* **Exercise description**:
Each line below must be reproduced exactly as it stands. Pictures stay out of the copy.
Provided data Start Marker
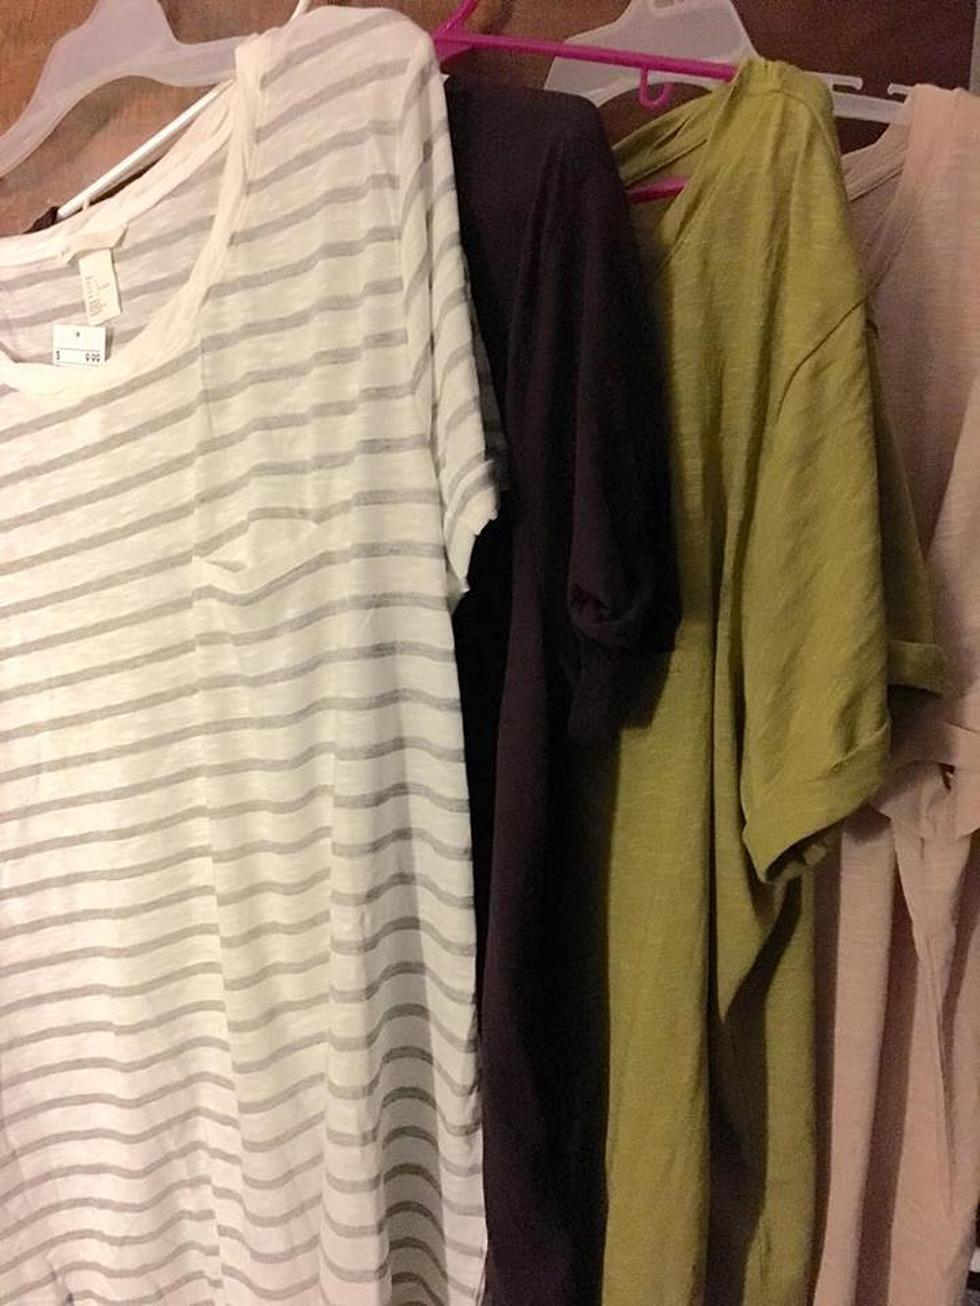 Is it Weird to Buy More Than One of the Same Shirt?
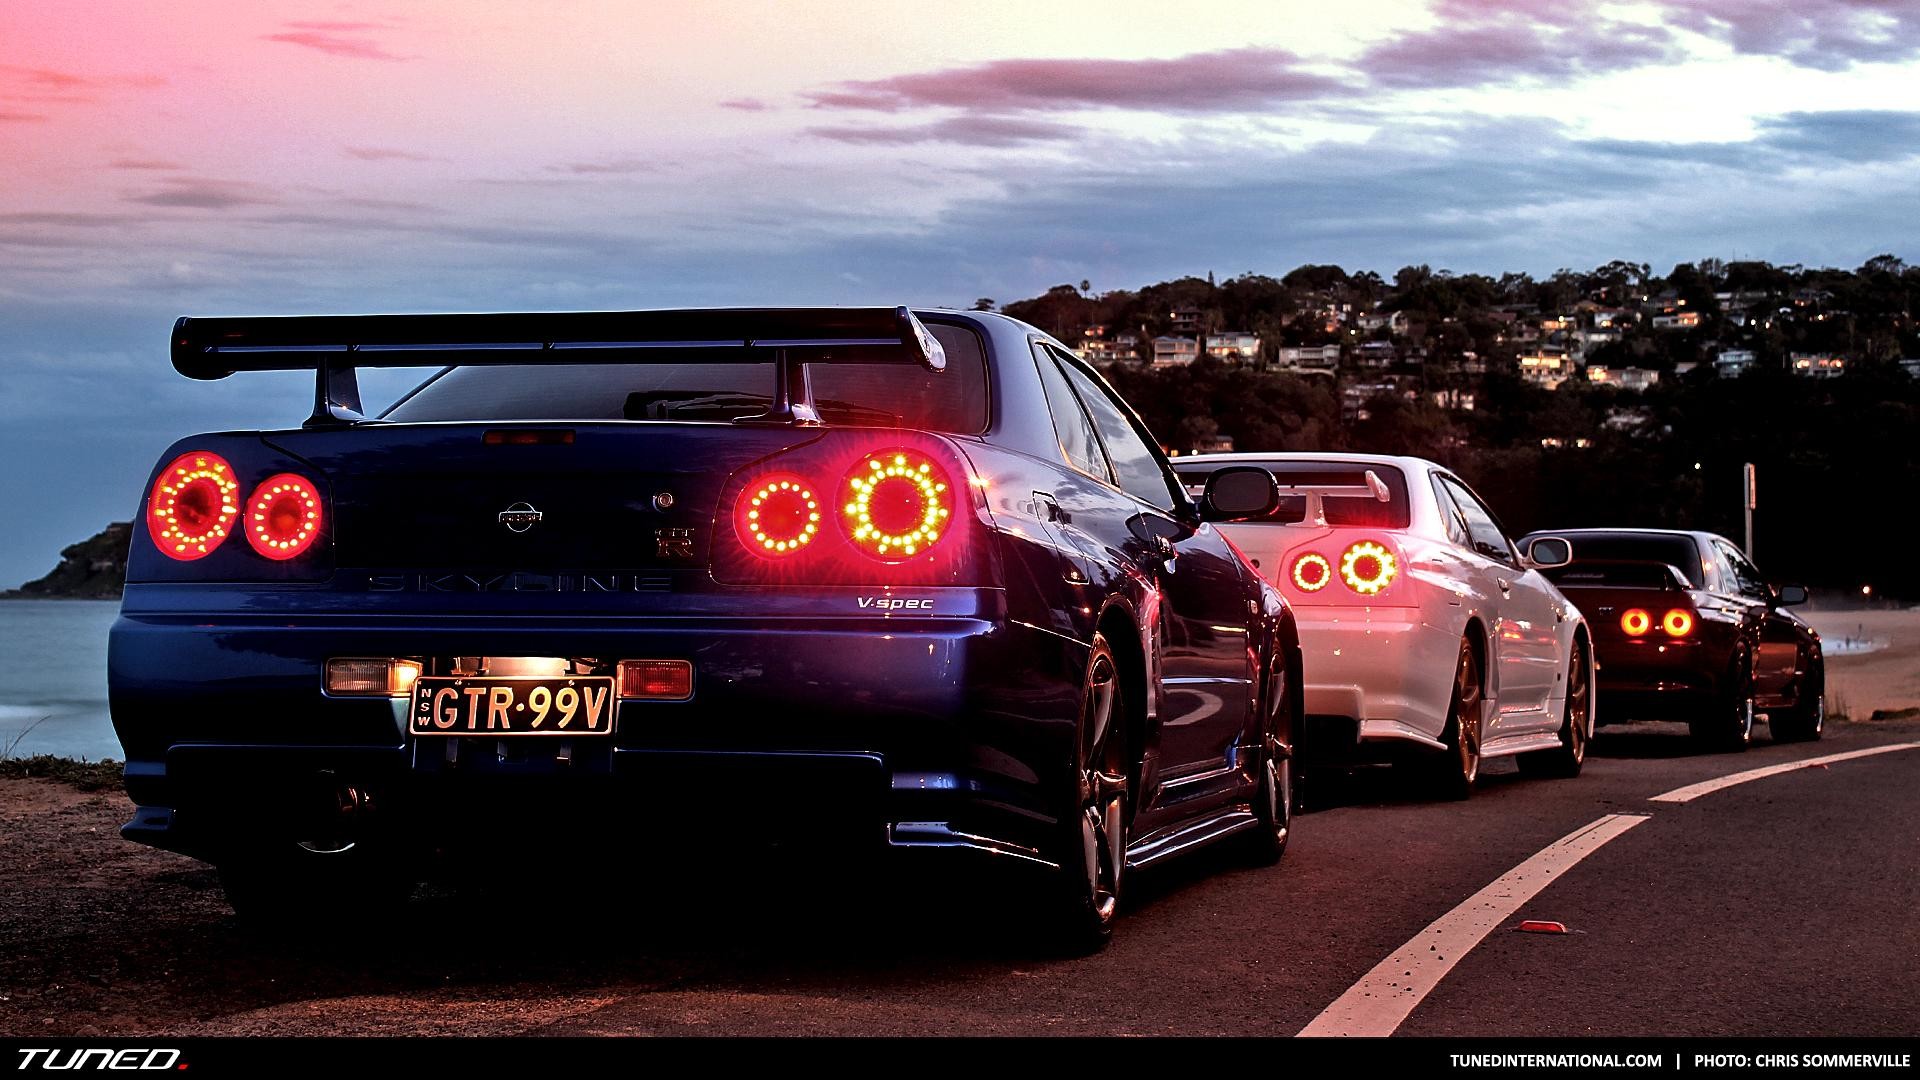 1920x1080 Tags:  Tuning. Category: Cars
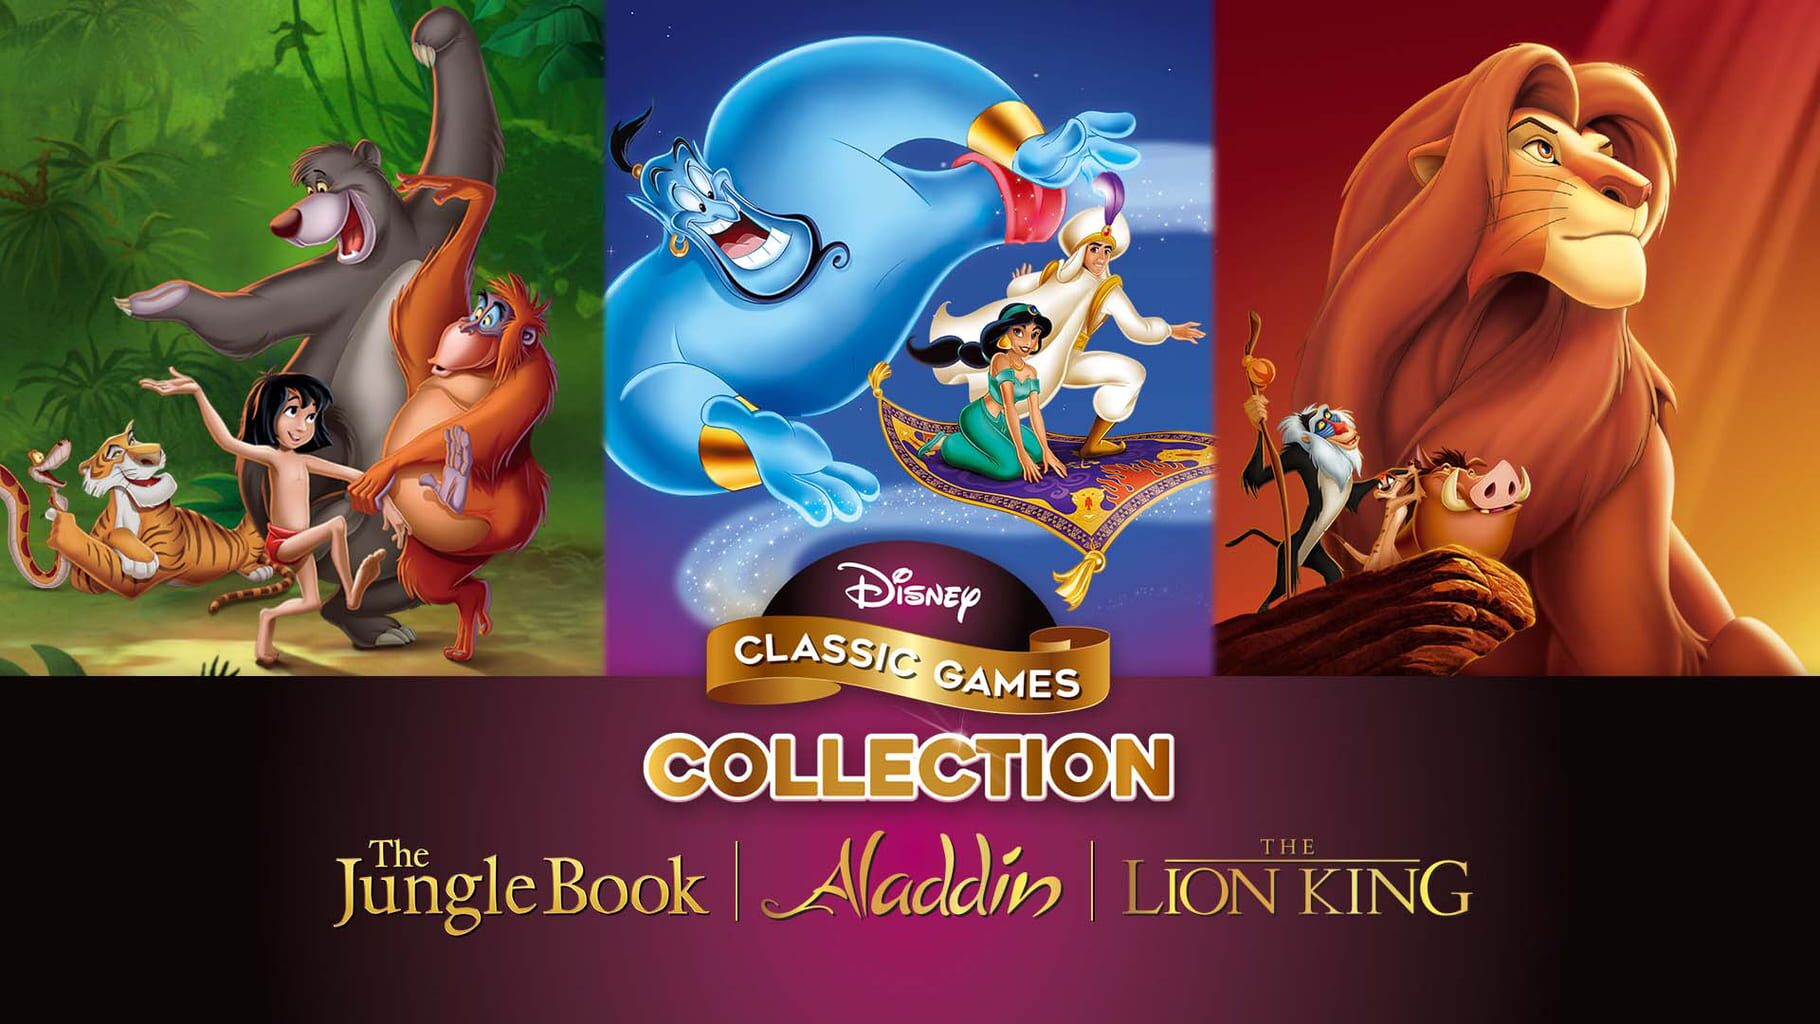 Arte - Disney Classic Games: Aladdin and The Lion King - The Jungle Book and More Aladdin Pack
Provided data End Marker
* **Answer space**:
 Is it Weird to Buy More Than One of the Same Shirt?
 1920x1080 Tags:  Tuning. Category: Cars
 Arte - Disney Classic Games: Aladdin and The Lion King - The Jungle Book and More Aladdin Pack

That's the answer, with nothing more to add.